Certains parents candidats à l’adoption sont en effet en situation d'être refusés par les OAA et
en risque d'adoption plus difficile, car trop âgés ou déjà parents. Cela serait aussi le cas si
l'adoption venait à être autorisée en France pour des couples homosexuels, car une telle
adoption est refusée par la presque totalité des pays d'origine.

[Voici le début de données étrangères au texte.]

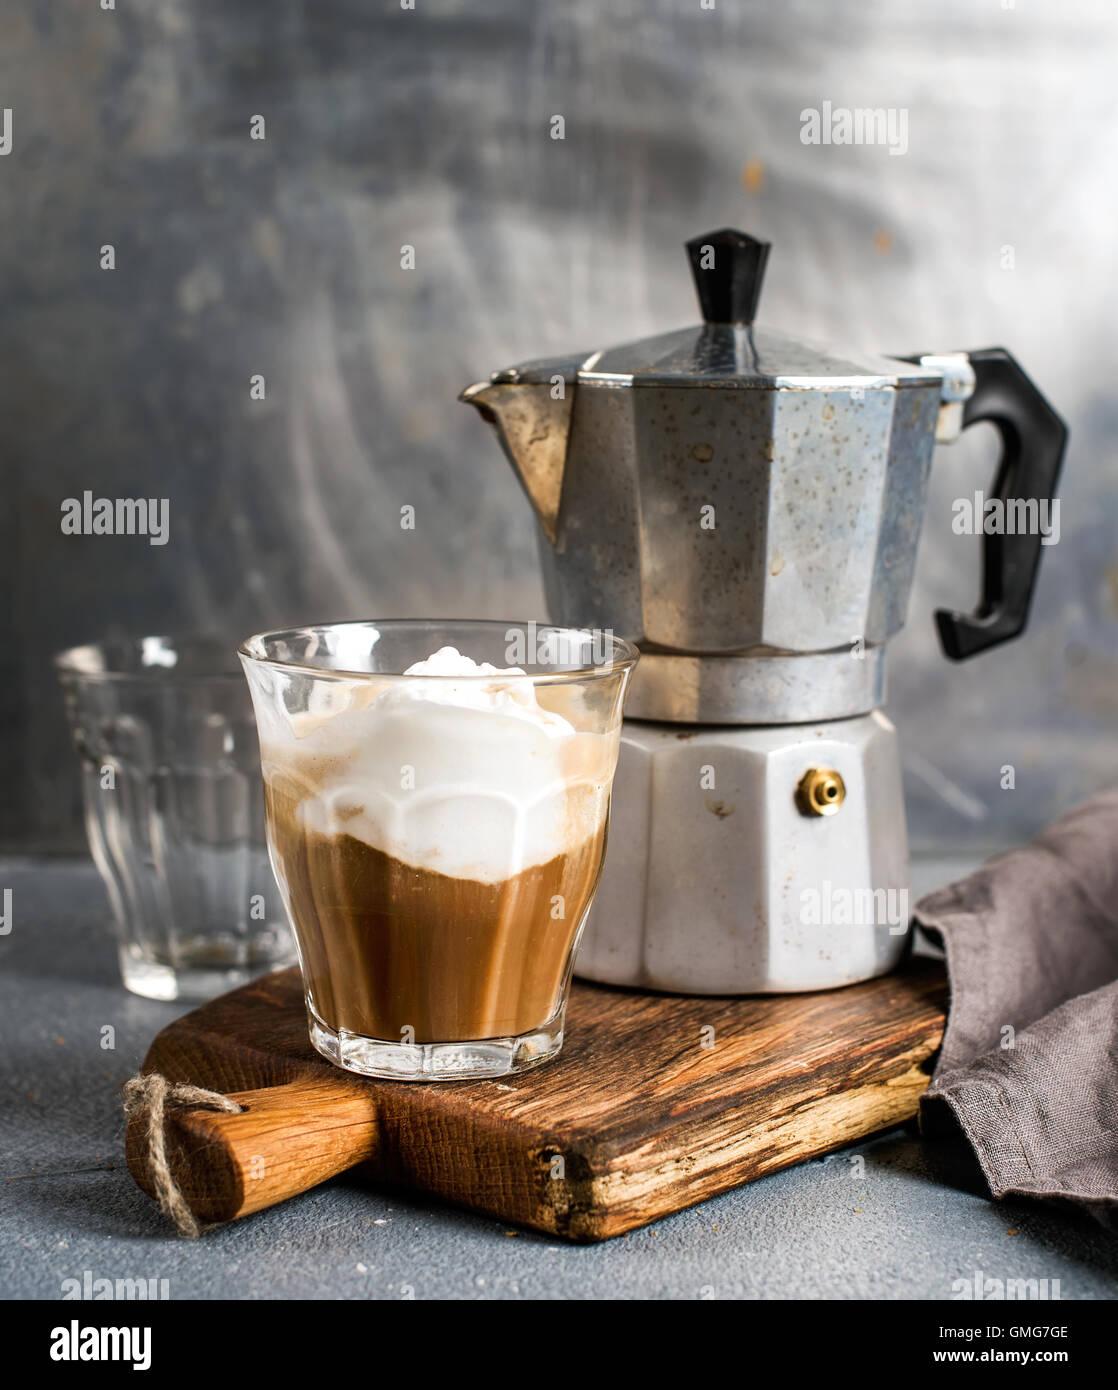 Glass of coffee with ice cream on rustic wooden board and steel Italian Moka pot - Stock Image

A ce propos, beaucoup d'études ont été publiées visant à montrer que les enfants de couples
homosexuels vont bien. Or parmi elles, de nombreux travaux n'ont aucune rigueur
scientifique : trop petit nombre d'enfants, recul très court, non inclusion d'adolescents,
enfants issus de milieux très privilégiés ou intellectuels, qui tendraient à démontrer que les
enfants adoptés par des couples homosexuels vont mieux que les autres (ce qui est
vraisemblable dans une famille de niveau socioculturel élevé). En fait, il serait plus honnête
de dire qu’en l’état actuel des connaissances, il est impossible de savoir si ces enfants sont
ou non en situation de souffrance. D’une façon générale, les familles sont tellement
différentes et complexes, le recul nécessaire pour bien apprécier est si long, que l'on doit
avant tout rester prudent et éviter les conclusions militantes. D’ailleurs ces études concernent
de manière très majoritaire des enfants non adoptés, alors que la filiation adoptive pose des
problèmes beaucoup plus complexes et que, de toute façon, répétons-le, actuellement aucun
pays proposant des enfants à l'adoption n'accepte l'adoption par des homosexuels. Si
l'adoption devenait possible en France pour les couples homosexuels, les extrêmes difficultés
qu'ils rencontreraient pour se voir confier un enfant renforceraient fortement le risque
d'adoption par des circuits douteux.
Rappelons également que l'adoption par des femmes célibataires n'est acceptée que par
quelques Etats et le plus souvent pour des enfants à particularité : enfants grands, malades
ou handicapés. Une célibataire dont le projet est récusé par un organisme autorisé pour
l'adoption et qui ne souhaite pas adopter un enfant à particularité sera la proie toute
désignée pour un intermédiaire mafieux, plaie de l'adoption dans quelques pays à risques.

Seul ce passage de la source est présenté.